Thanks to Parkview in St. Davids for the installation of the lift kit, thanks to Ontario Takeoff's in Hamilton for the tire deal and thanks to Gladiator at Affordable Signs in Texas for the rear window screen and thanks to Lisa at Solaris Tint in St. Catharines for installing it for me.*


----------



## phreebsd (Dec 16, 2004)

that's a nice looking truck. how that 2500HD run? she pull good?


----------



## JD GREEN (Mar 11, 2010)

sharp ride!!!


----------



## Rubberdown (Apr 16, 2010)

phreebsd said:


> that's a nice looking truck. how that 2500HD run? she pull good?

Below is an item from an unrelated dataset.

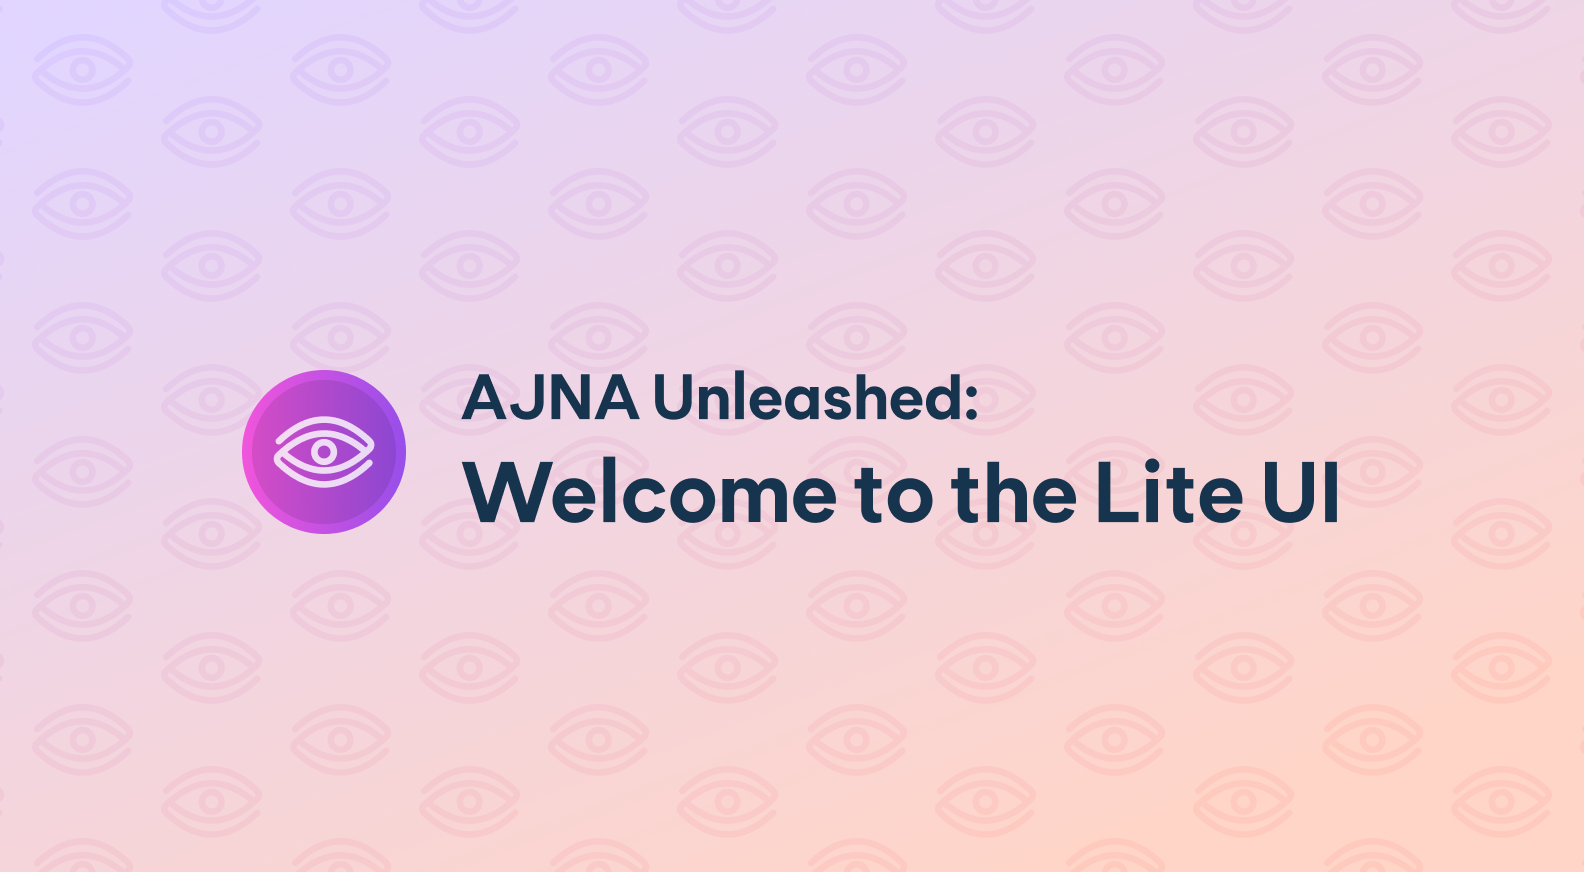 AJNA Unleashed: Welcome to the Lite UI

I tell you what, we had it weighed after a race with the enclosed trailer with a mud packed RZR, 500 sportsman and 850 sportsman with me and the family in the truck, the whole thing, trailer, machines, mud, truck and us weighed 16,400 pounds and this truck picks up and passes cars on the highway loaded up like this as if there was no trailer even on the back of it. 
I wish I had bought me one of these a long long time ago!


----------



## mudslinger4 (Mar 7, 2011)

Truck look's great, just right amount of tire an lift, chevy are very sharp looking when lifted.


----------



## The Kid (May 26, 2011)

cant hide money lol looks good paul


----------



## Polaris425 (Dec 16, 2004)

Looks good!


----------



## Rubberdown (Apr 16, 2010)

The Kid said:


> cant hide money lol looks good paul


Hahaha, its a "promotional" tool for the business, I can't very well promote lift kits in a little dinky car now can I LOL.


----------



## greenkitty7 (Jan 26, 2011)

put a sticker on it! lol Ford Pintos FTW.


----------